Controversial Course Offered at UC Berkeley

“The Politics and Poetics of Palestinian Resistance”

Offered at University of California - Berkeley

Course Number: English R1A LEC 4 Units
Semester and Year: Fall 2002
Location and Time: 204 Wheeler TuTh 2:00-3:30
Instructor: Shingavi, Snehal
Course Control Number: 28448
Final Exam Number: TBA

Booklist: (tentative)

  • Men in the Sun and Other Palestinian Stories, Ghassan Kanafani;
  • Born Black, Suheir Hammad;
  • Drops of This Story, Suheir Hammad;
  • Enemey of the Sun, Naseer Hasan Aruri;
  • The Adam of Two Edens : Selected Poems, Mahmud Darwish;
  • Memory for Forgetfulness : August, Beirut, 1982, Mahmud Darwish;
  • Victims of a Map : A Bilingual Anthology of Arabic Poetry, Mahmud Darwish;
  • Image and Reality of the Israel-Palestine Conflict, Norman G. Finkelstein;
  • The Question of Palestine, Edward W. Said;
  • Blaming the Victims: Spurious Scholarship and the Palestinian Question, Edward W. Said;
  • The Politics of Dispossession: The Struggle for Palestinian Self-Determination, 1969-1994, Edward W. Said;
  • Intifada, Phil Marshall.

Course Description:

Since the inception of the Intifada in September of 2000, Palestinians have been fighting for their right to exist. The brutal Israeli military occupation of Palestine, an occupation that has been ongoing since 1948, has systematically displaced, killed, and maimed millions of Palestinian people. And yet, from under the brutal weight of the occupation, Palestinians have produced their own culture and poetry of resistance.

This class will examine the history of the Palestinian resistance and the way that it is narrated by Palestinians in order to produce an understanding of the Intifada and to develop a coherent political analysis of the situation.
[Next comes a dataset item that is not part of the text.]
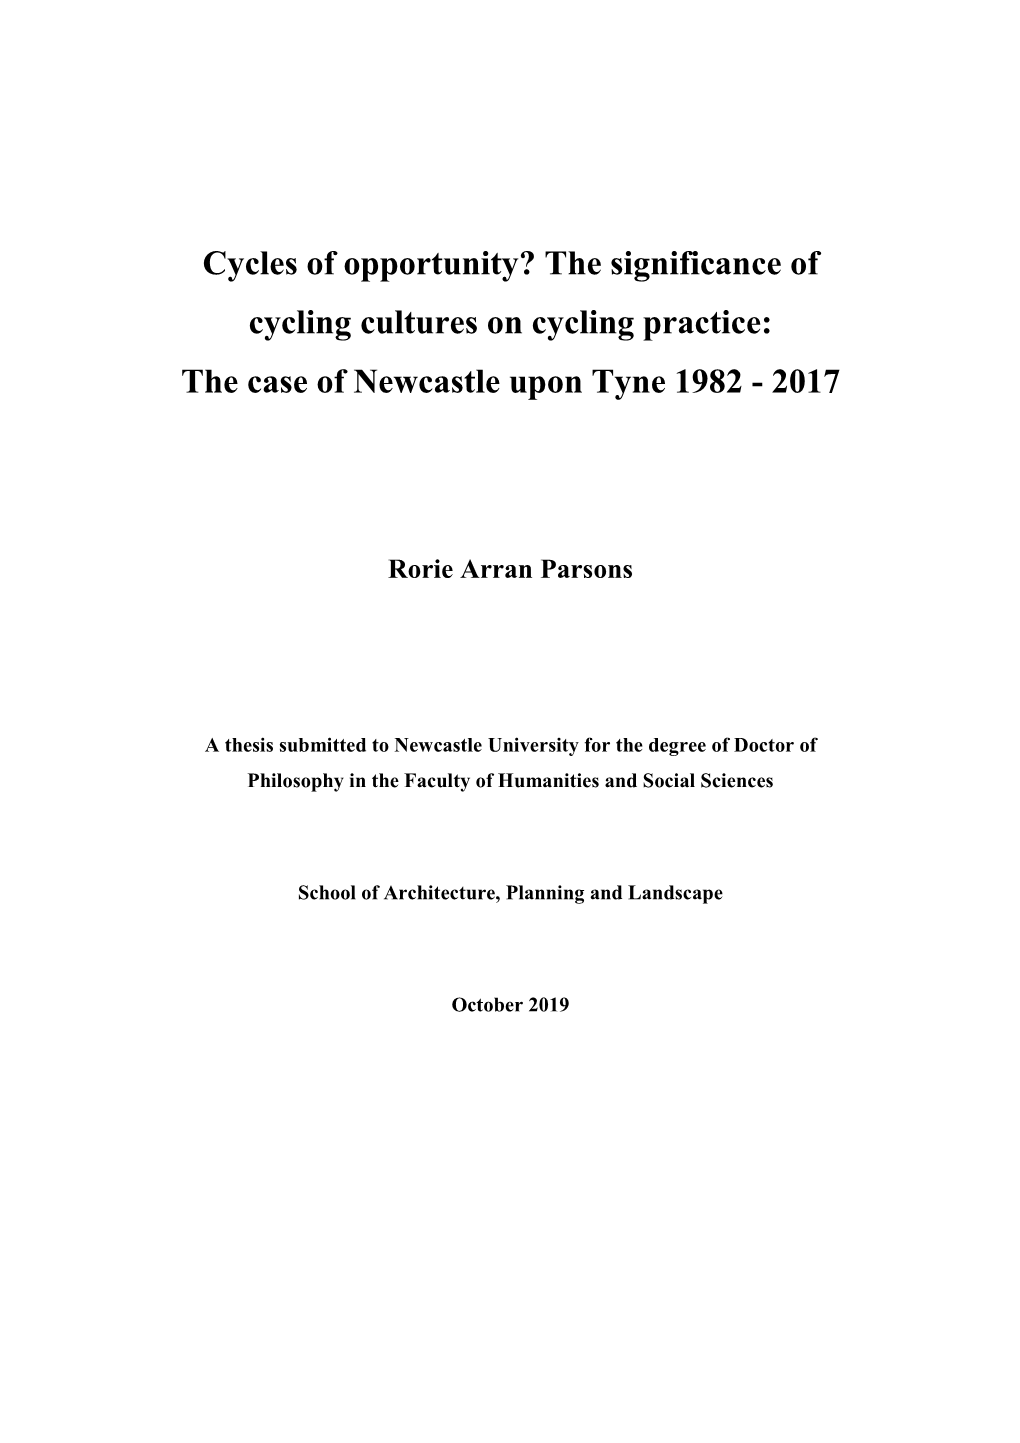 The Significance of Cycling Cultures on Cycling Practice: the Case of Newcastle Upon Tyne 1982 - 2017

This class takes as its starting point the right of Palestinians to fight for their own self-determination. [Originally, the following phrase was included: Conservative thinkers are encouraged to seek other sections. -- Campus Watch]

Discussions about the literature will focus on several intersecting themes: how are Palestinian artists able to imagine art under the occupation; what consequences does resistance have on the character of the art that is produced (i.e. why are there so few Palestinian epics and plays and comedies); can one represent the Israeli occupation in art; what is the difference between political art and propaganda and how do the debates about those terms inflect the production of literature; how do poems represent the desire to escape and the longing for home simultaneously (alternatively, how do poems represent the nation without a state); what consequence do political debates have on formal innovations and their reproduction; and what are the obligations of artists in representing the occupation.